The group given the HIIT protocol performed four, four-minute sets of high-intensity intervals on a treadmill with a “recovery period” between each interval. The MCT group performed one continuous set of moderate-intensity aerobic exercise for about 50 minutes. The CON group performed a yoga-like session, similar to what you might find in an assisted living facility.
The results
To measure the improvements in memory, the researchers used specific tests to assess the function of the newly generated neurons, which are a result of the exercise protocol.

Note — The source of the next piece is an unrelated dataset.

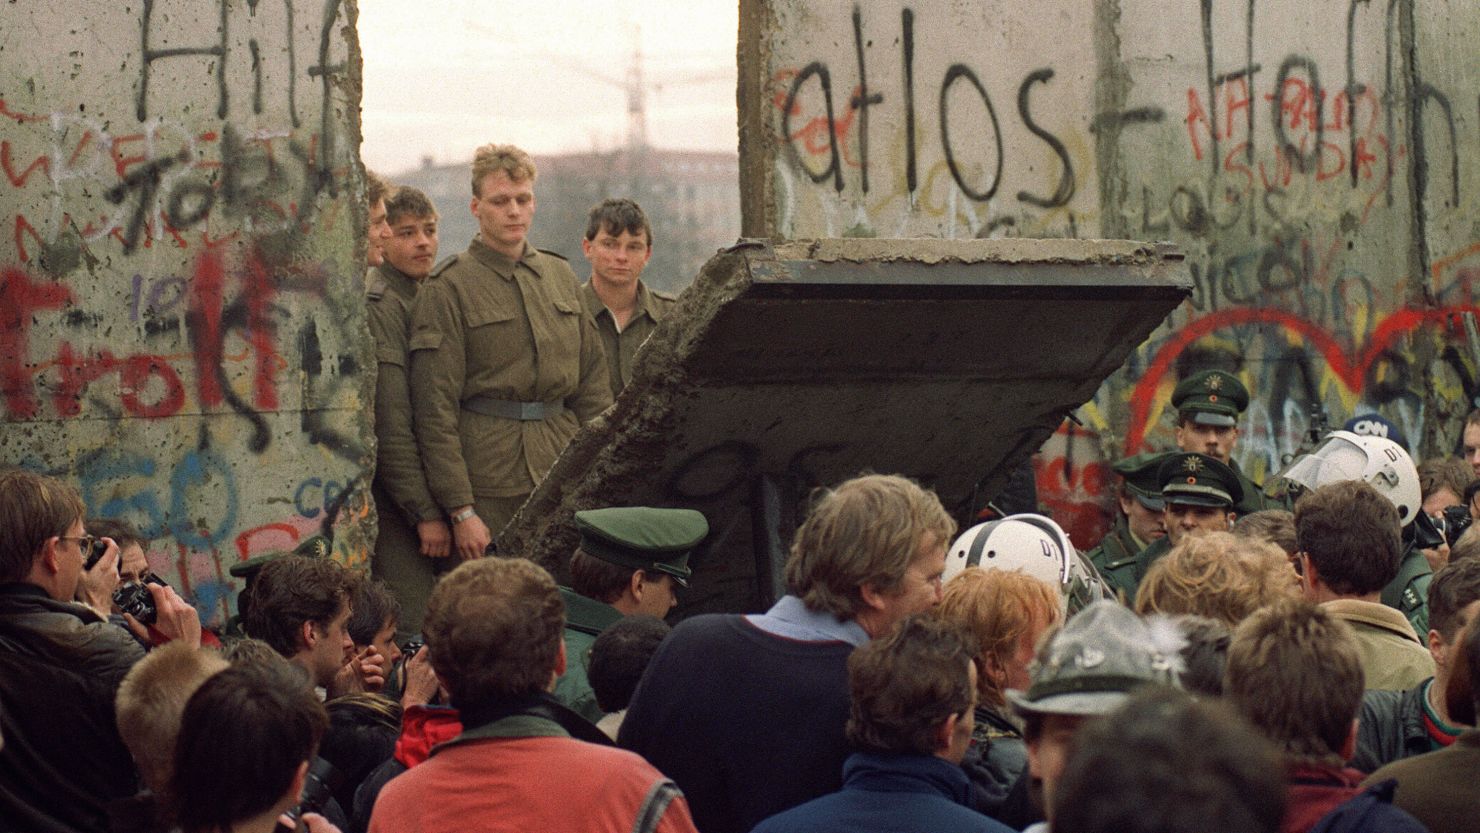 West Berliners at the Berlin Wall on November 11, 1989 watch as East German border guards open a new crossing.

The tests can show that the new neurons were more active than more senior ones, which indicates that they’re ideal for creating new memories.
Researchers found that any improvements in the participant’s fitness level were directly correlated with an overall improvement in their memory performance.
The researchers found that in the older adults who were assigned to the HIIT group, there was a substantial increase in “high-interference memory,” a form of memory that gives us the ability to do things like distinguish between a mountain bike and a road bike of the same make or model, for example.
The researchers also found that any improvements in the participant’s fitness level were also directly correlated with an overall improvement in their memory performance.
Jennifer Heisz, associate professor in the Department of Kinesiology at McMaster University says, “It’s never too late to get the brain health benefits of being physically active, but if you are starting late and want to see results fast, our research suggests you may need to increase the intensity of your exercise.”
That raises an important point.
High-intensity is personal
High-intensity is not a one size fits all scenario. A high-intensity workout means different things to different people.
For a 20-year-old track athlete, a high-intensity workout is an all-out killer sprint at breakneck speeds. For that same athlete’s 75-year-old sedentary grandmother (who also has arthritis in her knees), a brisk aquajog is high-intensity. What’s important is that the person feels they’re giving the workout their all.
To avoid injury (or worse), it’s important to tailor the exercise to suit the current fitness and health level of the individual. So, adding intensity doesn’t have to involve a trip to the track—it can be as simple as adding some hills to your daily walk or digging in and increasing your jogging pace between street lamps. Remember that the subjects in the study only did four sets of four minutes with ample recovery time in between to allow their heart rate to come down. There’s no need to adhere to a strict Tabata set this time.
Exercise is a promising intervention for delaying the onset of dementia. Adding some high-intensity bursts a few times per week is proving to be an effective way to administer it.